SUMMARY AND RECOMMENDATIONS

●Pathogenesis – The underlying pathogenesis of Peyronie's disease (PD) is unknown and most likely represents a combination of factors, including chronic minor injury and genetic susceptibility. (See 'Pathogenesis' above.)

●Symptoms – The presenting symptoms of PD are penile pain, curvature, indentation, hourglass deformity, shortening, and/or sexual dysfunction. Patient and partner quality of life are significantly impacted, as men with PD are at increased risk of depression, relationship difficulties, and body image issues. (See 'Clinical manifestations' above.)

●Diagnosis and referral – PD is usually apparent from patient history and penile examination. On examination, clinicians may observe a penile plaque and penile curvature or deformity. As PD is an uncommon condition and most primary care clinicians have limited experience in its management, a urology referral is recommended if the condition is suspected. (See 'Diagnosis and referral' above.)

●Management – The management of PD is summarized in the algorithm (algorithm 1).

•Management of erectile dysfunction – Erectile dysfunction (ED), if present, should be managed. Specific recommendations are provided separately. (See "Treatment of male sexual dysfunction", section on 'Erectile dysfunction'.)

•Active disease – For the initial management of active disease, we suggest oral pentoxifylline, especially within three months of onset (Grade 2C). Treatment is safe and well tolerated, and limited evidence suggests that it may reduce calcifications. Other experts choose not to use this treatment as evidence of efficacy is limited. (See 'Active disease' above and 'Intralesional drug therapy' above and 'Penile traction therapy' above.)

Collagenase clostridium histolyticum (CCH) injections followed by penile traction therapy is an additional treatment option for men who have persistent symptoms beyond three months (algorithm 1). (See 'Active disease' above and 'Intralesional drug therapy' above and 'Penile traction therapy' above.)

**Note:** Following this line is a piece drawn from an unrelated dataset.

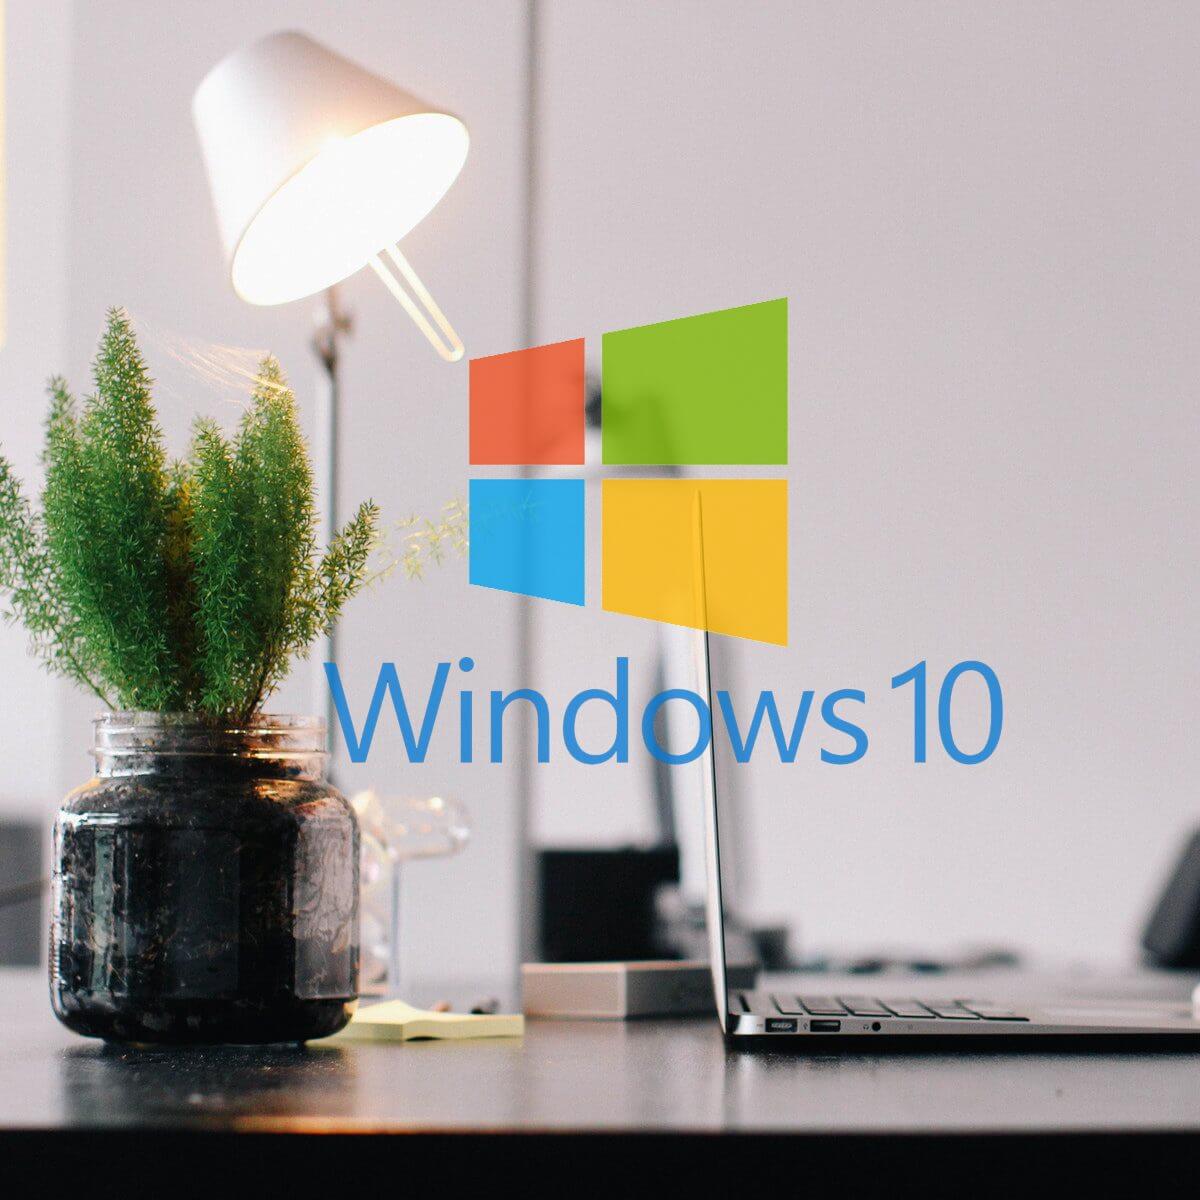 Windows        10 chương trình ảnh xuất cho video ứng dụng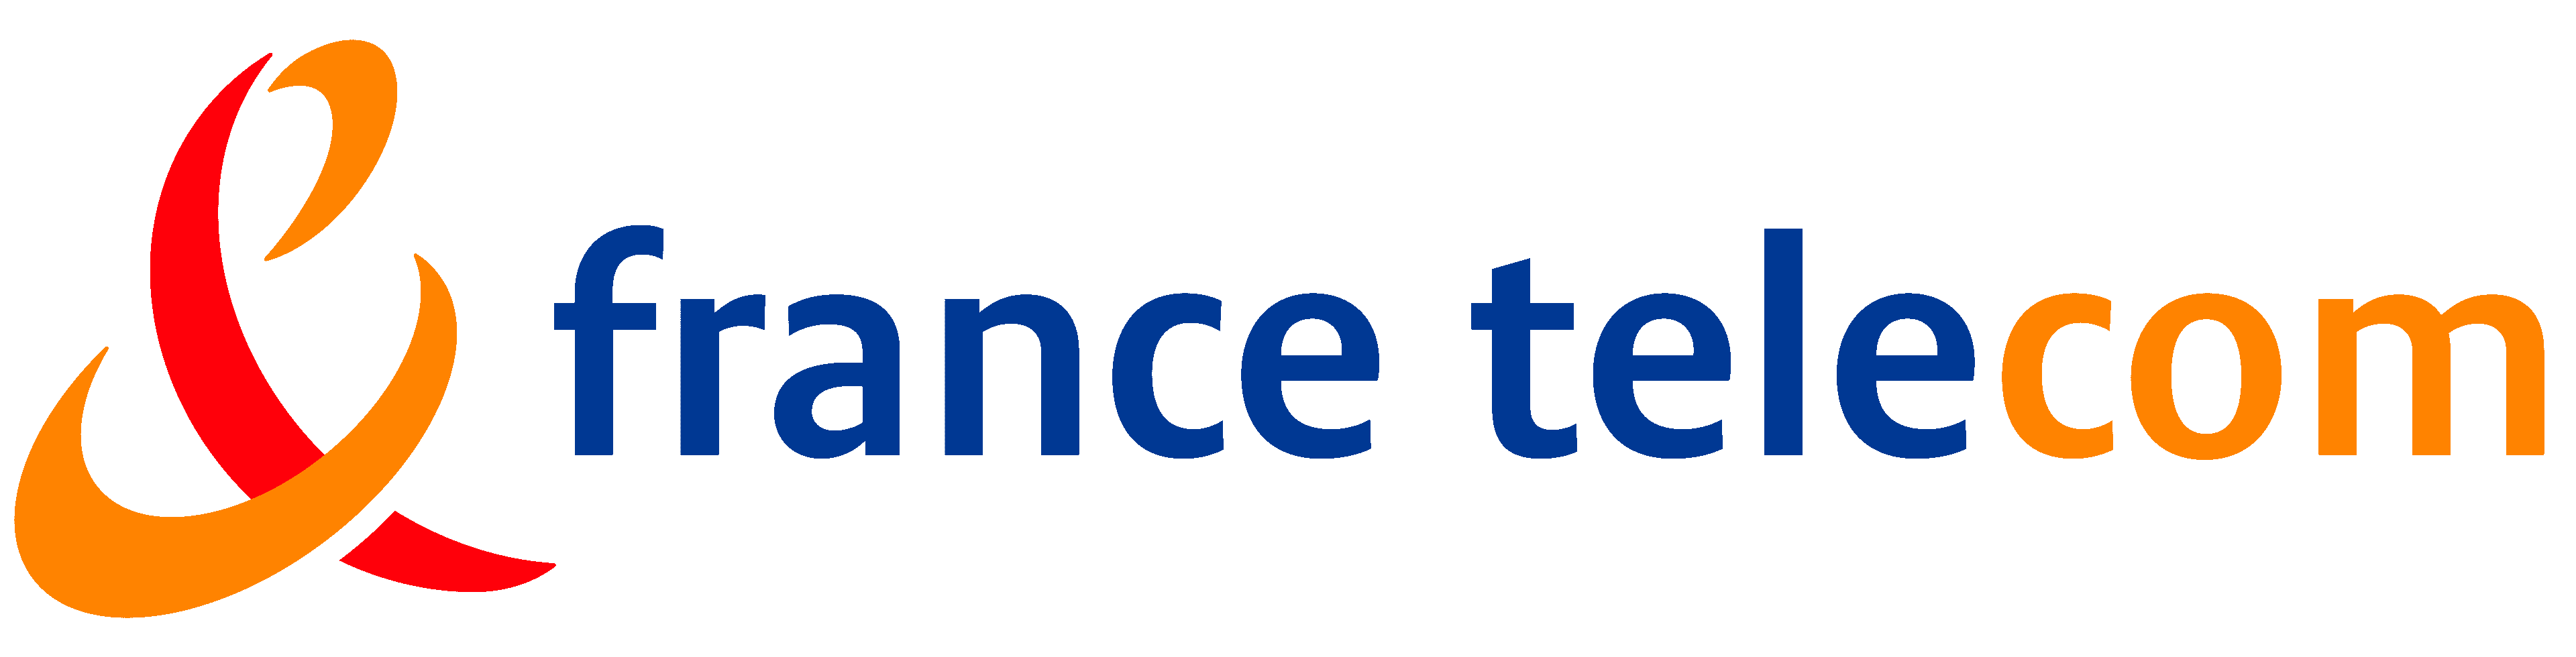 France-Telecom-Logo-2000-2006

•Stable disease and mild curvature – Men with stable disease and mild curvature (≤30 degrees) typically do not require treatment beyond observation. (See 'Penile curvature <30 degrees' above.)

•Stable disease and curvature >30 degrees – For patients with stable disease and penile curvature >30 degrees, we suggest intralesional injection with CCH followed by penile traction therapy (Grade 2C). (See 'Patients with curvature >30 degrees' above.)

•Refractory or severe disease – For patients with stable disease who have severe deformity, large calcifications, or ED refractory to medical therapy, surgical referral is appropriate. Specific indications and surgical techniques are presented separately. (See "Surgical management of Peyronie's disease".)